2008-05-17 22:04:30

by Erez Zadok

[permalink] [raw]
Subject: [NFS] [PATCH] nfs2/3 ESTALE bug (libblkid uses stale cache/uuid values)


Several months ago we reported an ESTALE bug when mounting NFS2/3
partitions. The tests which trigger this bug perform lots of small mkfs's
on small /dev/loop partitions, after which destroying the loop device and
creating a new f/s. This bug was reported in a message subject "nfs2/3
ESTALE bug on mount point (v2.6.24-rc8)" here:

http://www.mail-archive.com/[email protected]/msg00877.html

The message we posted also provides a simple shell script which triggers the
bug quite consistently on a variety of systems. The problem started for us
when we began using a newer version of nfs-utils, and until now we couldn't
use newer versions of nfs-utils. After some testing, we tracked it down to
a bug in libblkid (part of e2fsprogs), which newer versions of nfs-utils
began using: ALL versions of nfs-utils using libblkid have this bug.

Here's what happens.

1. Mountd calls get_uuid() (which is #ifdef'ed USE_BLKID). There, it
initializes a static blkid_cache variable as follows:

static blkid_cache cache = NULL;

if (cache == NULL)
blkid_get_cache(&cache, NULL);

get_uuid then calls

dev = blkid_get_dev(cache, devname, BLKID_DEV_NORMAL);

to find the specific device out of the cache, and if found, it extracts
the UUID from the device structure returned (using the appropriate tag).
It should be noted that getting the uuid is a filesystems-specific
procedure, and libblkid knows how to handle ext2/3/4, reiserfs, xfs, and
more.

2. Each time mountd needs to get the uuid of a device, after the first time,
it then calls blkid_get_dev with the BLKID_DEV_NORMAL flag (which is
defined as

#define BLKID_DEV_NORMAL (BLKID_DEV_CREATE | BLKID_DEV_VERIFY)

The code in blkid_get_dev (libblkid has three parts):

(a) check if the device is in the known cached list;, if so, return it.

(b) if not found, then create a new blkid device structure, store it in
the cache, and mark the cache as having changed
(BLKID_BIC_FL_CHANGED).

(c) finally, since flags includes BLKID_DEV_VERIFY (which is part of
BLKID_DEV_NORMAL), then blkid_get_dev also calls blkid_verify() to
check that the existing device about to be returned to the caller
(get_uuid) is valid.

3. blkid_verify can verify that a device is valid.
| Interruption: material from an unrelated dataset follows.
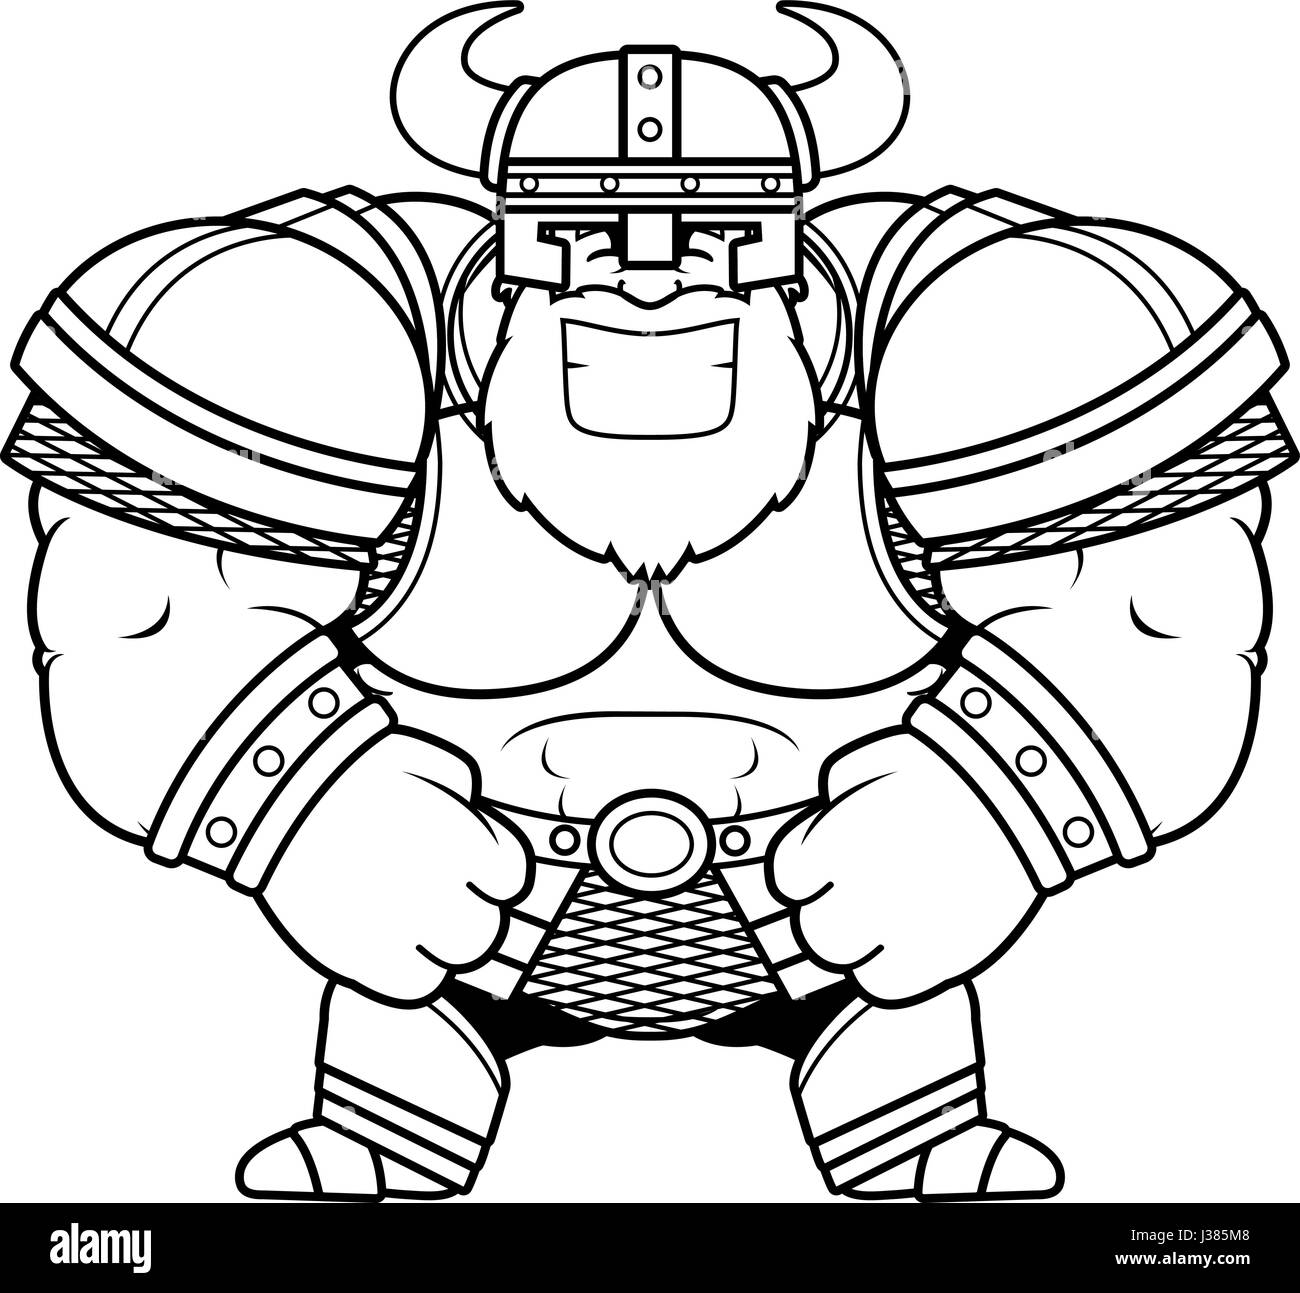 A cartoon illustration of a muscular Viking smiling. Stock Vector

To do so, it open(2)'s
the device, reads some filesystem-specific info from it (e.g., the ext2
superblock header, which includes the uuid), and caches all that
filesystem-specific information for later reuse. Of course, reading the
f/s superblock each time is expensive, so blkid_verify has some code
which is intended to prevent excessive verifications as follows:

now = time(0);
diff = now - dev->bid_time;

if ((now > dev->bid_time) && (diff > 0) &&
((diff < BLKID_PROBE_MIN) ||
(dev->bid_flags & BLKID_BID_FL_VERIFIED &&
diff < BLKID_PROBE_INTERVAL)))
return dev;

It should be noted that when a blkid device structure is created/probed,
the time it was last probed is saved in dev->bid_time. IOW, this
bid_time is the last time it was probed, *not* the mtime of the /dev
itself.

Therefore, the above "if" wants to ensure that a device won't be
re-probed unless enough time had passed since the last time it was
probed: BLKID_PROBE_INTERVAL is 200 seconds. That check alone is wrong.
A device could have changed numerous times within 200 seconds, and the
result is that libblkid happily returns the old dev structure, with the
old UUID, *until* 200 seconds have passed. We verified it by sticking
printf's in nfs-utils and libblkid, and also using tcpdumps b/t an nfs
client and server.

If the above "if" condition is false, blkid_verify falls through and
re-probes the device: call open(2), get the new superblock info, and
return a new UUID. This is the point at which our script aborted with
ESTALE, because the on disk /dev's UUID (which NFS uses in the fhandle)
and the cached one did not match. In other words, although our scripts
mkfs's ext2 file systems many many times within 200 seconds, it takes
that long for mountd to detect the changed UUID (I have to think that
this can be a security problem, esp. if UUIDs are used for such
purposes).

Therefore, the above "if" test in blkid_verify must also check to see if
the on-disk device itself has changed, by checking to see if its *mtime*
of the device is older than the last probe time: if the mtime is older,
then it's safe to return the existing cached device; otherwise, we must
reprobe and update the cached info

(BTW, I think that the check for "diff > 0" is redundant in the above
"if" b/c if "now > dev->bid_time" is true, then "diff > 0" is also true.)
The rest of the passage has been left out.